Несанкционированные вымышленные наблюдения за отношениями между Дж. Д. Сэлинджером и его САМЫМ ЗНАМЕНИТЫМ ГЕРОЕМ.
Автор приносит благодарность следующим необыкновенным людям: маме Хелене, отцу Хокану, мачехе Элизабет, отчиму Герхарду, старшему брату Йонасу, средней сестре Тине, младшей сестренке Кристле, лучшему другу Карлу-Йохану, будущей жене и детям.
Посвящается Дж. Д. Сэлинджеру,
самому потрясающему выдумщику из всех,
с кем вас только сводила жизнь
Открываю глаза – и разом просыпаюсь.
Я его возвращаю. По прошествии стольких лет наконец-то решился его вернуть.
Вроде только-только забылся сном, но в то же время чувство такое, будто дрыхнул без просыпу сто лет. Потягиваюсь, делаю глубокий вдох и отмечаю, что спина побаливает. Наверное, опять спал в неудобной позе; со мной такое частенько случается. Бывает, просыпаюсь утром – а рука онемела; беру ее другой рукой и трясу, пока не оживет. Когда собственную руку не узнаешь или еще что, ощущение, прямо скажем, не из приятных.
Как видно, все дело в том, что двигаюсь я маловато. Да, это точно. Я никогда особо спортивным не был, а в последнее время и вовсе закис. Сижу в четырех стенах, валяюсь на кровати, дремлю, или пишу, или просто глазею в окно на облака. Зато курить бросил. С того дня, как здесь обосновался, к сигаретам не прикасаюсь, так что положительные моменты тоже есть. Особенно если учесть, как я дымил всего неделю назад. Ладно, не суть; это я раздумываю, почему рука затекает. Зарядку надо делать.
В комнате откуда-то попахивает; точнее определить не могу. То ли сэндвич заплесневел, то ли что-то под кровать завалилось. Когда придут уборку делать, надо будет сказать, чтоб посмотрели.
Чувство такое, что глаза продрал ни свет ни заря, хотя на самом-то деле сейчас, похоже, слегка за полночь. Темнотища такая, что собственные пальцы не разглядишь.

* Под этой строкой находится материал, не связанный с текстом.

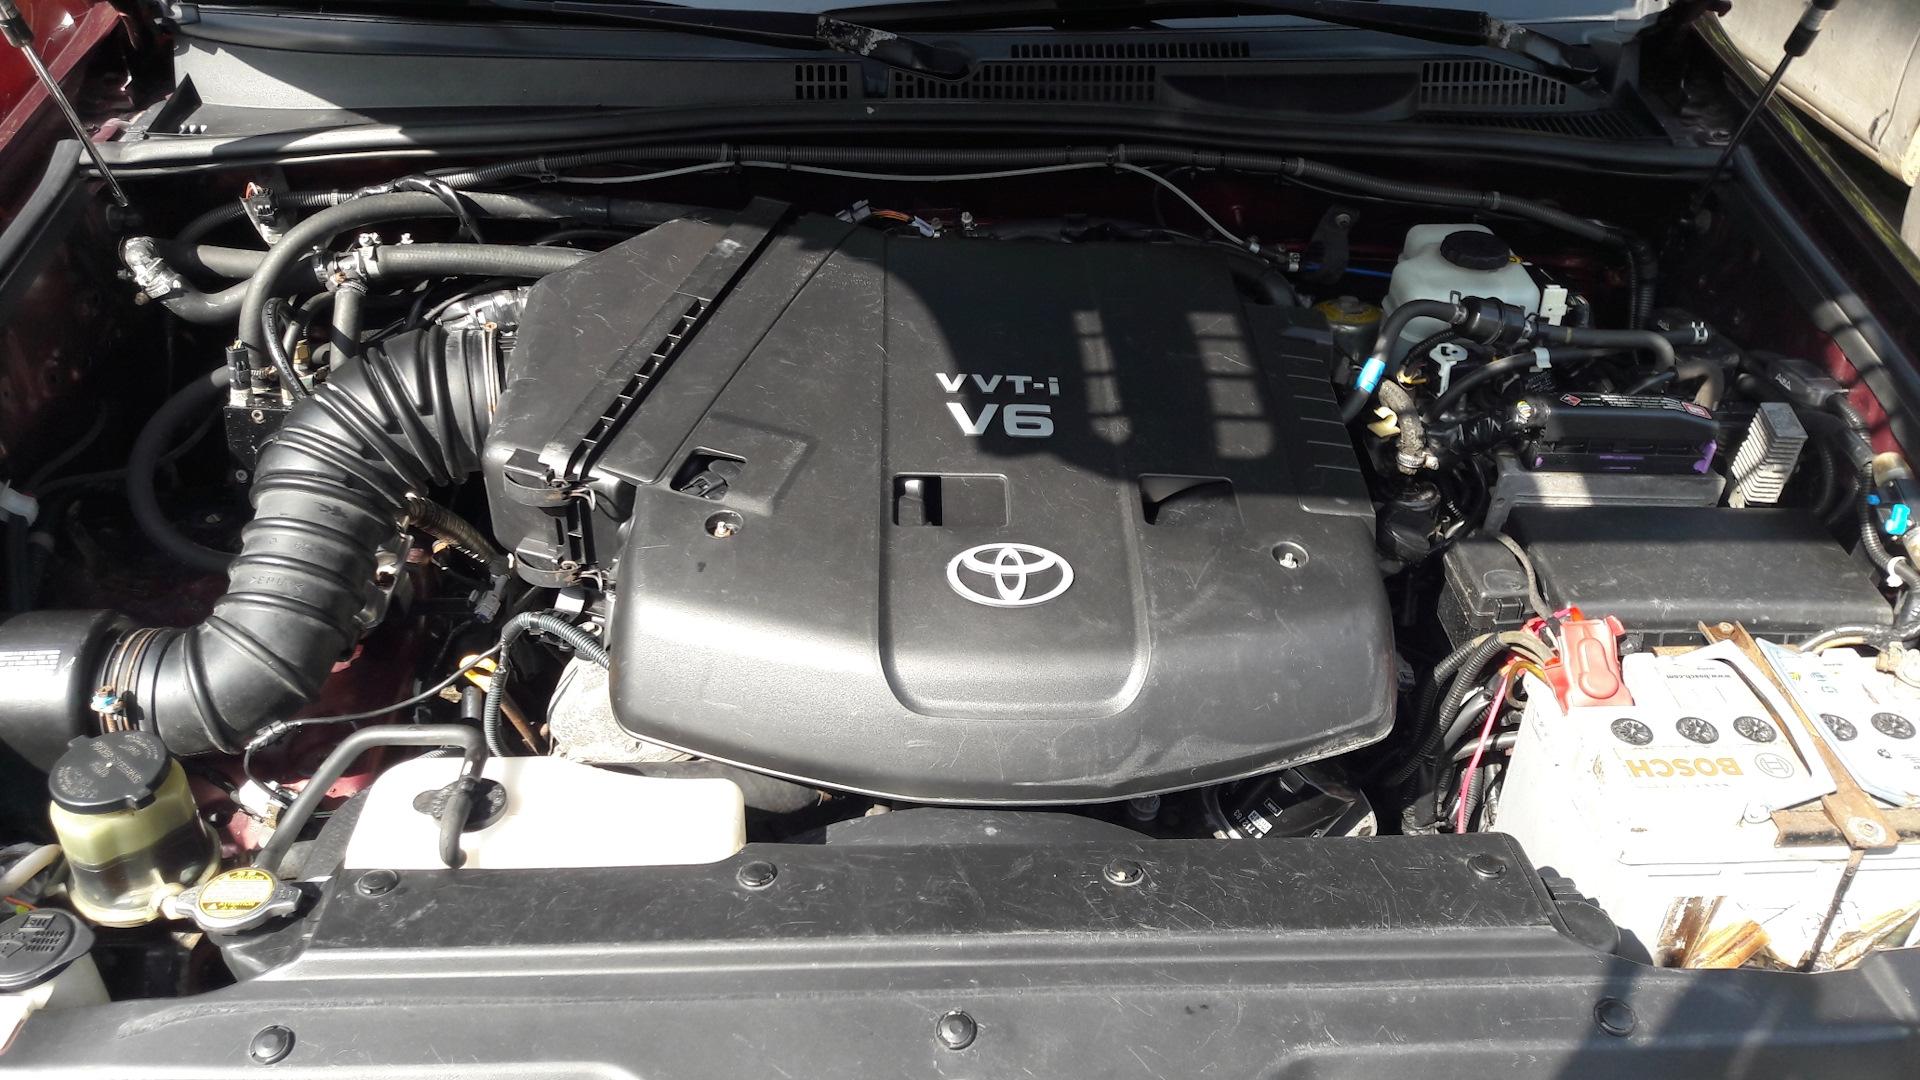 V6 двигатель тлк 100

Надо свет включить; рука шарит по тумбочке, где с вечера остался мой блокнот, а выключатель нащупать не могу. На тумбочке все обыскал, над изголовьем проверил, опять ладонью по тумбочке провел – нету. В потемках даже блокнот не найти; дело кончилось тем, что я свернул какую-то штуковину. Свалилась на пол и, типа, разлетелась на миллион осколков. Черт бы тебя побрал – это я хочу крикнуть неизвестно кому, потому как в комнате я один, но из горла вырывается только хрип. Голос у меня сухой, дребезжащий, мне бы сейчас стаканчик воды прохладной. Придется встать, но если не найду этот выключатель, будь он неладен, я тут всю комнату разнесу.

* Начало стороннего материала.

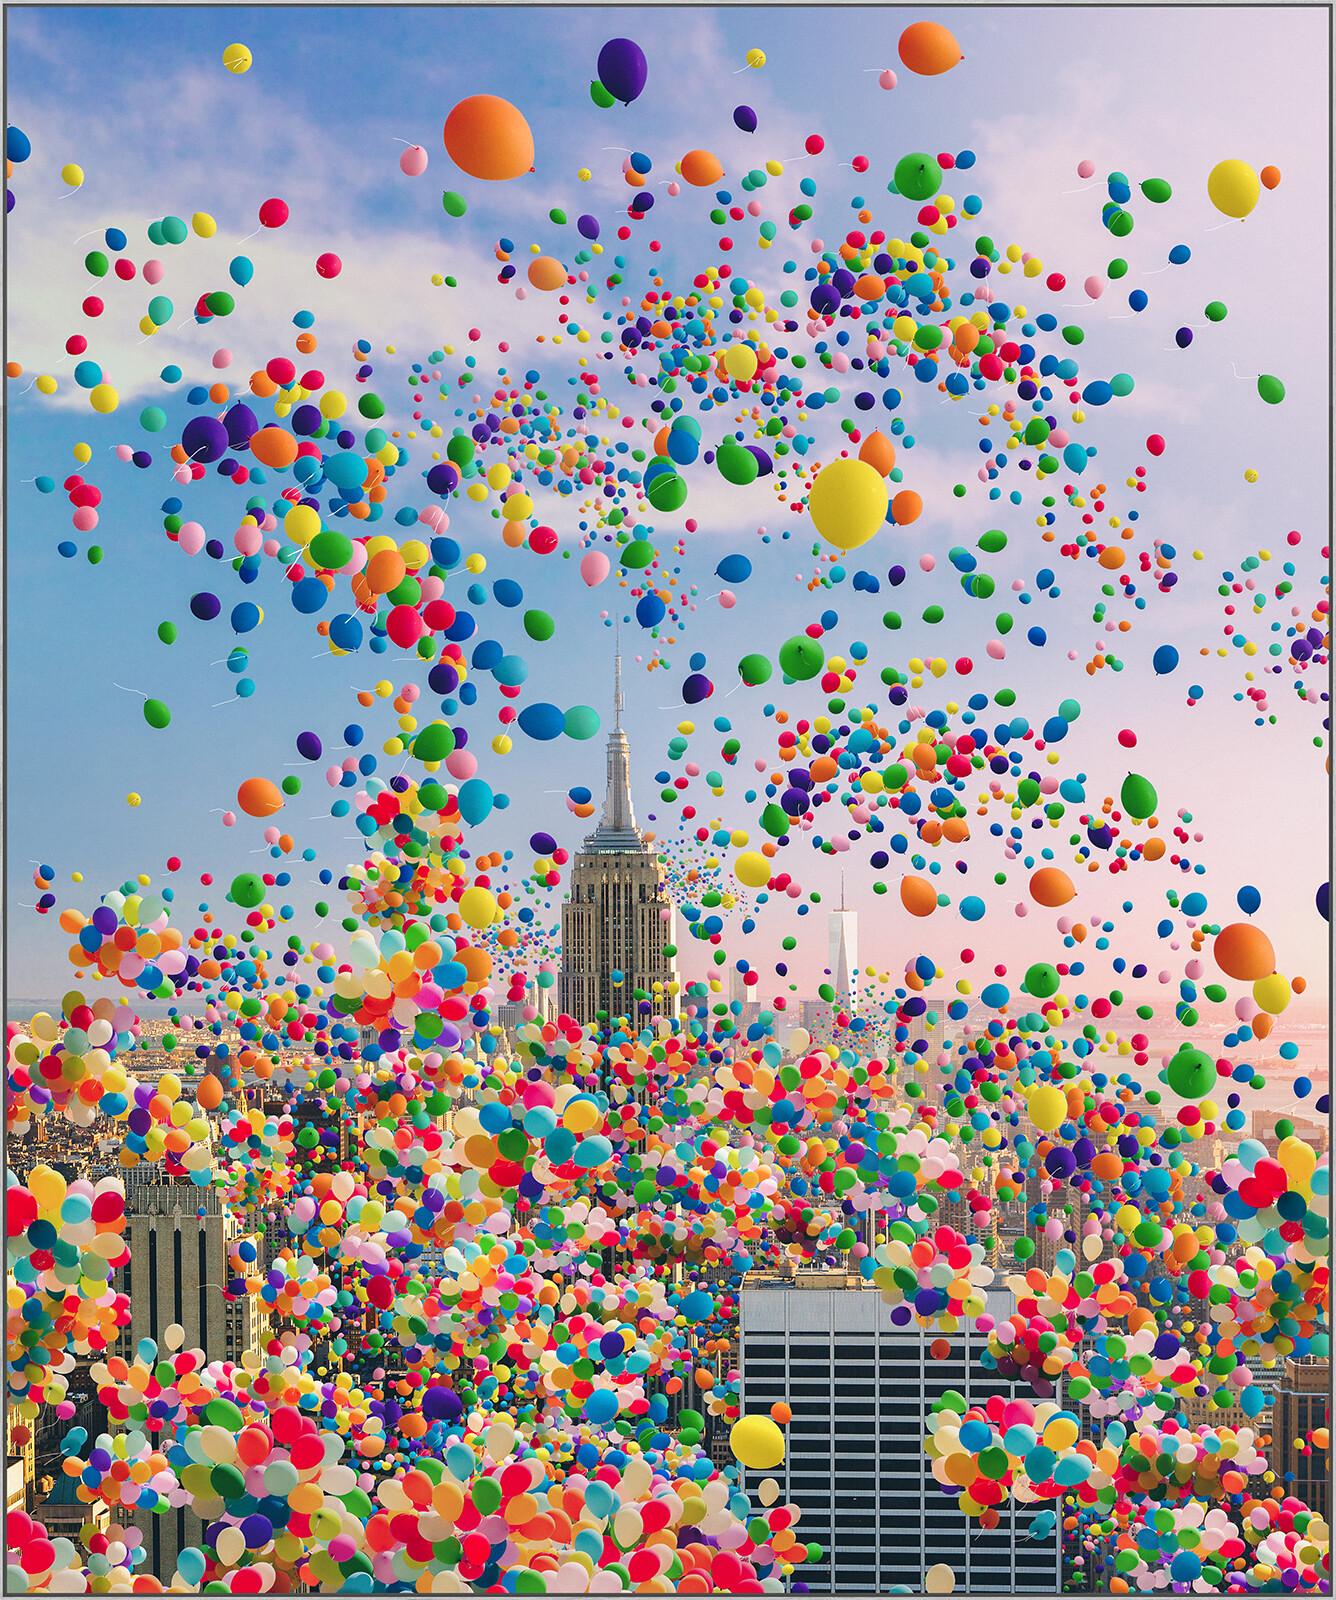 NYC Balloons - Robert Jahns

Мочевой пузырь раздулся, как воздушный шар; откидываю одеяло, спускаю ноги. Нет, в комнате определенно запашок присутствует; сейчас явственно чувствую. Не то чтобы вонища, но несет какой-то дрянью – как носом ни крути, все равно шибает.
Спину ломит – просто сил нет; пытаюсь сообразить, не случилось ли со мной чего накануне. Можно подумать, меня поездом переехало или что-то в этом роде, но ничего сверхъестественного не припоминаю. В основном торчал у себя в комнате, только пару раз в столовую сходил; день как день, здесь всегда так.
Нет, вру, вчерашний день отличался вот чем: помню, я вам досказал до конца ту сумасшедшую историю, которая со мной приключилась. У меня все в блокноте записано, да только теперь его не найти, потому что здесь темнотища – хоть глаз выколи.
В субботу заезжал Д. Б., так даже он меня расспрашивал, а я на половину вопросов не смог ответить. То есть в половине случаев я и сам не могу сказать, почему поступаю так, а не иначе. Вот я и решил: пока это свежо в памяти, надо записать; как раз вчера и закончил. Может, когда-нибудь меня напечатают, и я стану знаменитым, как Д. Б., но в Голливуд – не в пример ему – ни за что не запродамся, пусть даже мне дадут новый автомобиль и молоденькую девчонку-актрису в придачу. Должны же у человека быть хоть какие-то принципы, даже у знаменитого. Я серьезно.
То ли это грипп начинается, то ли что: во всем теле тяжесть, спину ломит и все такое. Интересное дело. Приехал сюда, чтобы здоровье поправить, – и вот результат. Грипп подхватил. У предков удар будет.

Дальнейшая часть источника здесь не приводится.